10 masterpieces made as bands were falling apart

It takes a small army for any group to make a record that’s halfway decent. Even if they have the songs, the production, and the intuition to make a great record, who knows whether some other wrench will get thrown into the system and disrupt everything they were working towards? While most professional bands have been known to work through the bugs of their sound to get the right tunes, artists like Van Halen made some of their finest works when wanting to pull each other’s hair out.

Then again, there’s more than one way to break up a band than a couple of songs that people disagree with. There were bound to be some fine moments from bands that had been together for a long time, but whether it was a dust-up behind the scenes or someone disagreeing about where to take the next chapter of their sound, it wouldn’t have been shocking if those involve were flipping each other off during separate takes.

For all of the pain that came from these albums, though, everyone was able to channel that into making songs that felt real. Even if not everyone was going through inner pain, you could feel the genuine hurt in their voices and even the frustration as they bang away at their instruments in some vain attempt to make all of their problems go away for at least the length of the tune.

Many of them ended up going their separate ways once everything wrapped up, but they at least had their masterpieces to prove that it wasn’t made in vain, either. They may have bitched at each other and wanted to strangle their bandmates, but as long as they had the songs to back it up, nobody could touch them.

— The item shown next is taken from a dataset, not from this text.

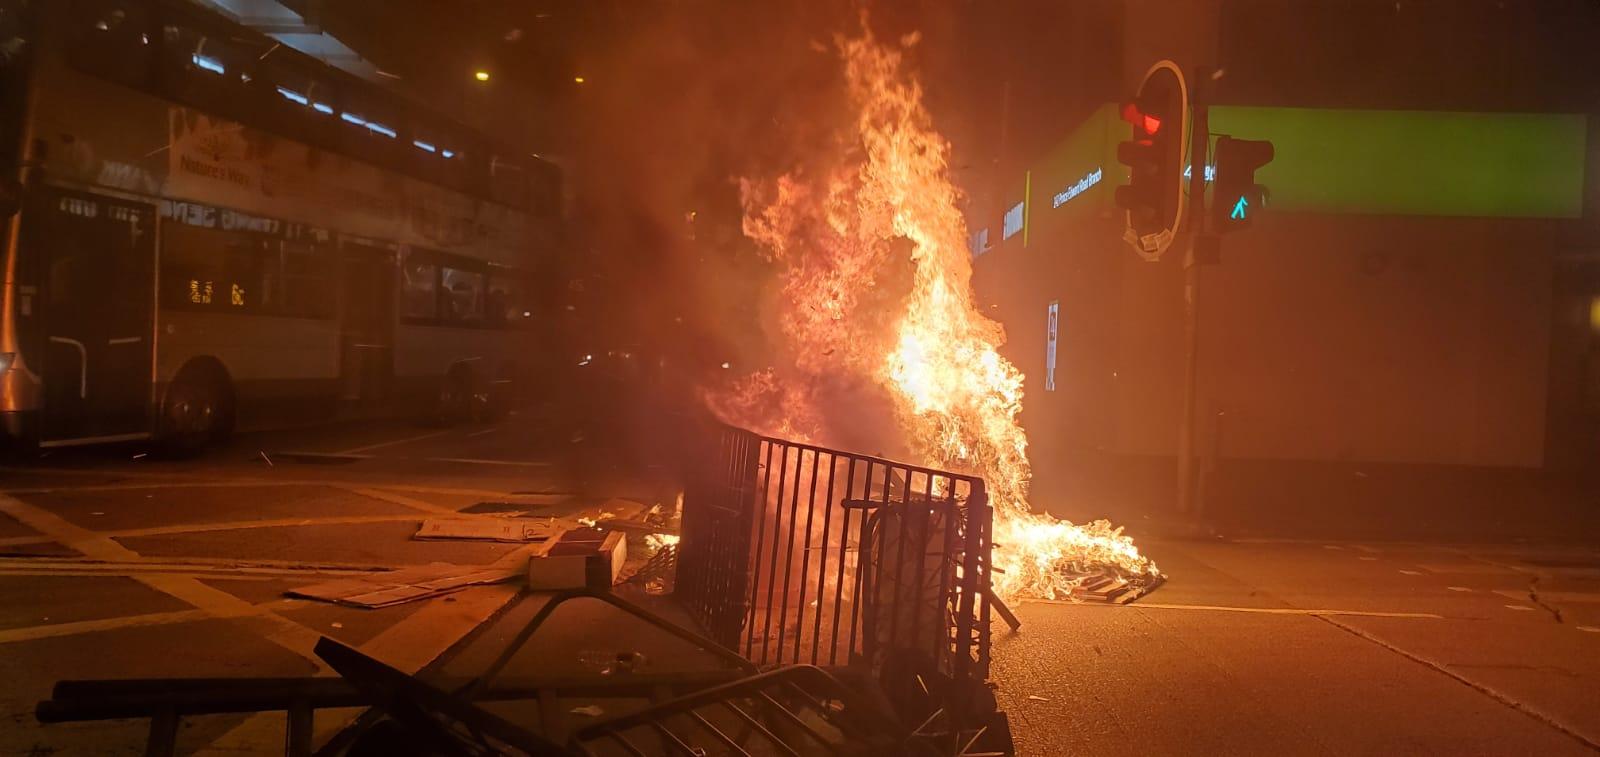 晚上旺角有示威者堵路縱火。

10 masterpieces made as bands were falling apart:

Alice in Chains – Alice in Chains

Alice in Chains - 1990s

When talking about bands on the verge of collapse, it usually centres around everyone hating each other. The whole group dynamic is never an easy tightrope to walk, and even if people can be professional about it, it’s hard to be that invested with a group for that long. When Alice in Chains made their final record with Layne Staley, though, it felt more like a moral obligation than any artistic statement.

By the end of Jar of Flies, Staley had relapsed on hard drugs and was at death’s door throughout most of the recording for this album. And while the record does get difficult to listen to at certain points because of how frail Staley sounds in the mix, it does give way to some of their best tracks. Jerry Cantrell does a fine job fronting the band on ‘Heaven Beside You’, and despite Staley sounding horrible, his voice lends a menacing edge to a song like ‘Grind’ and ‘God Am’.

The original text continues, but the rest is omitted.